Journal of Emerging Markets and Management

Harnessing Technological Innovation for Poverty Reduction: Sectoral and Microsimulation Insights from Cameroon and the DRC

DOI:

https://doi.org/10.63385/jemm.v2i1.307

Keywords:

Central Africa, Computable General Equilibrium Model, Technological Innovation and Microsimulation, Technological Innovation and Poverty, Technological Innovation and Sectoral Productivity

Abstract

This study investigates Cameroon and the Democratic Republic of Congo, both contending with significant technological disparities—defined as variations in capital-augmenting technological capacity across sectors that influence productivity and growth potential.

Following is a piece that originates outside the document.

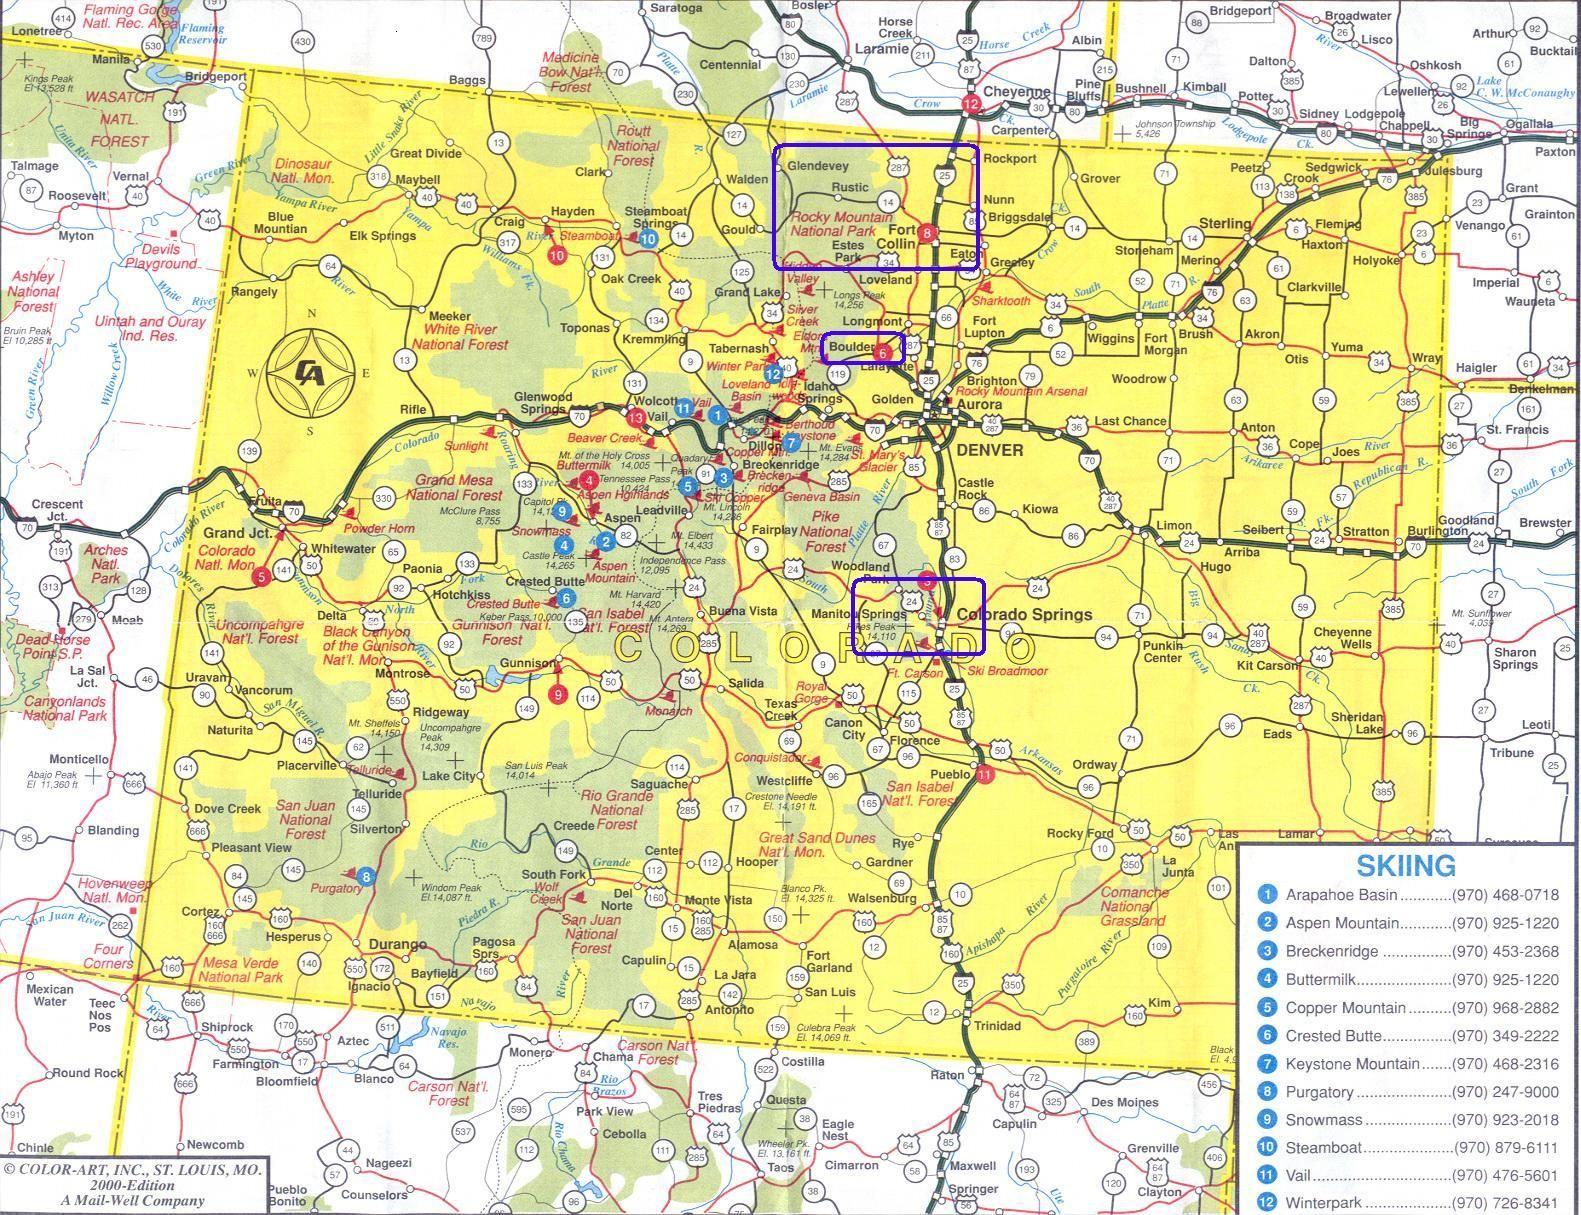 Yelp Denver Httpgrowingdenvercom Yelp Denver Pinterest - Colorado state road map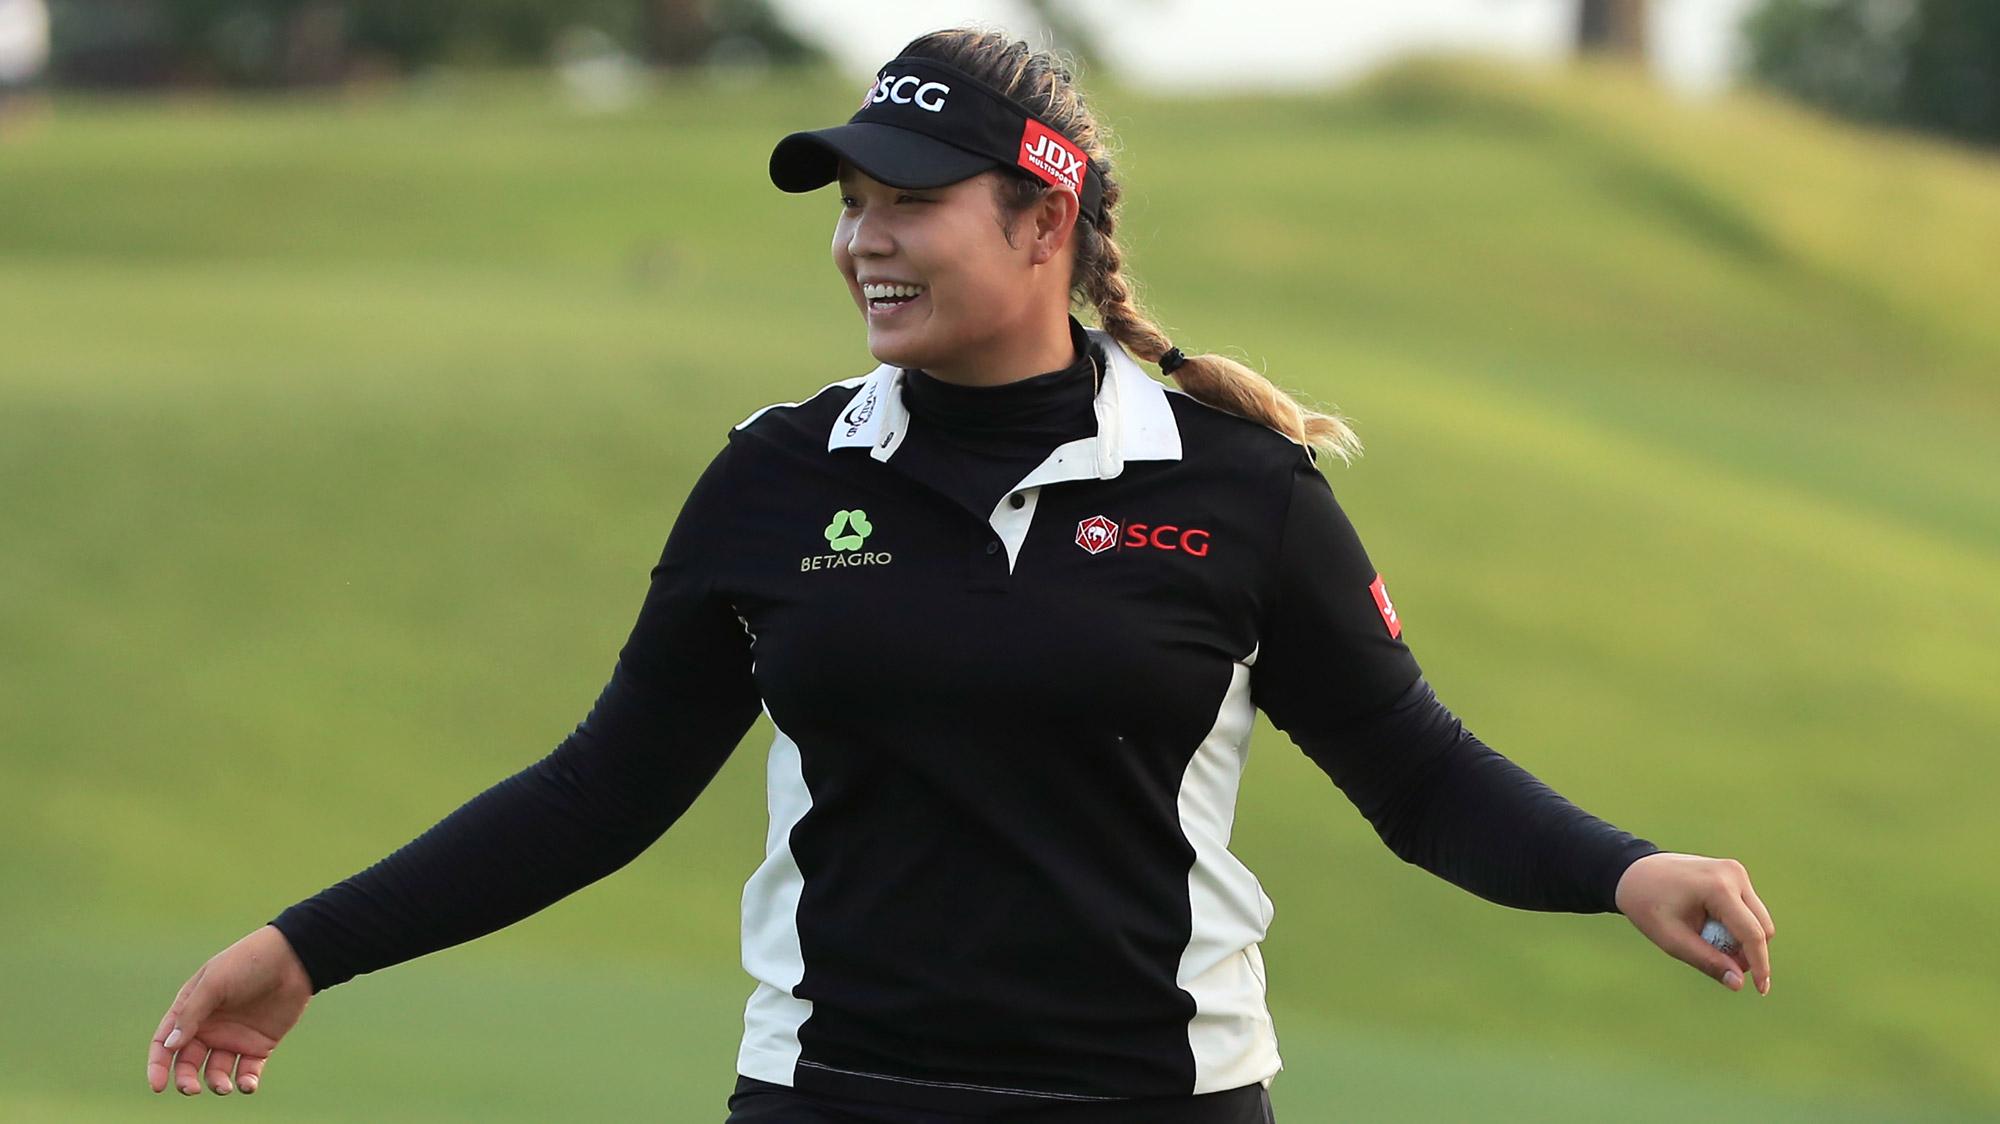 2019 Things to Know Pure Silk Championship | LPGA | Ladies Professional Golf Association

Using data from the year 2015, the analysis employs a dynamic computable general equilibrium (CGE) model combined with a microsimulation approach. The study examines how capital-augmenting technological innovation (TI)-that is, improvements in the efficiency of capital use-affects key macroeconomic variables such as GDP growth, wage rates, consumption patterns, and household welfare. Results from the CGE simulations reveal that increased TI positively influences GDP growth through contributions from agriculture, industry, and transport sectors. Welfare and income effects benefit households engaged in innovative sectors, while investment and consumption responses differ across activities. At the micro level, higher TI reduces poverty rates in both countries, especially within agriculture, industry, and transport. The findings highlight the importance of targeted investments in technology-intensive sectors to maximise TI’s benefits for growth, income distribution, and poverty reduction. Policymakers are encouraged to foster innovation-friendly environments, support entrepreneurship, and promote inclusive growth strategies that enhance labour market outcomes and long-term welfare.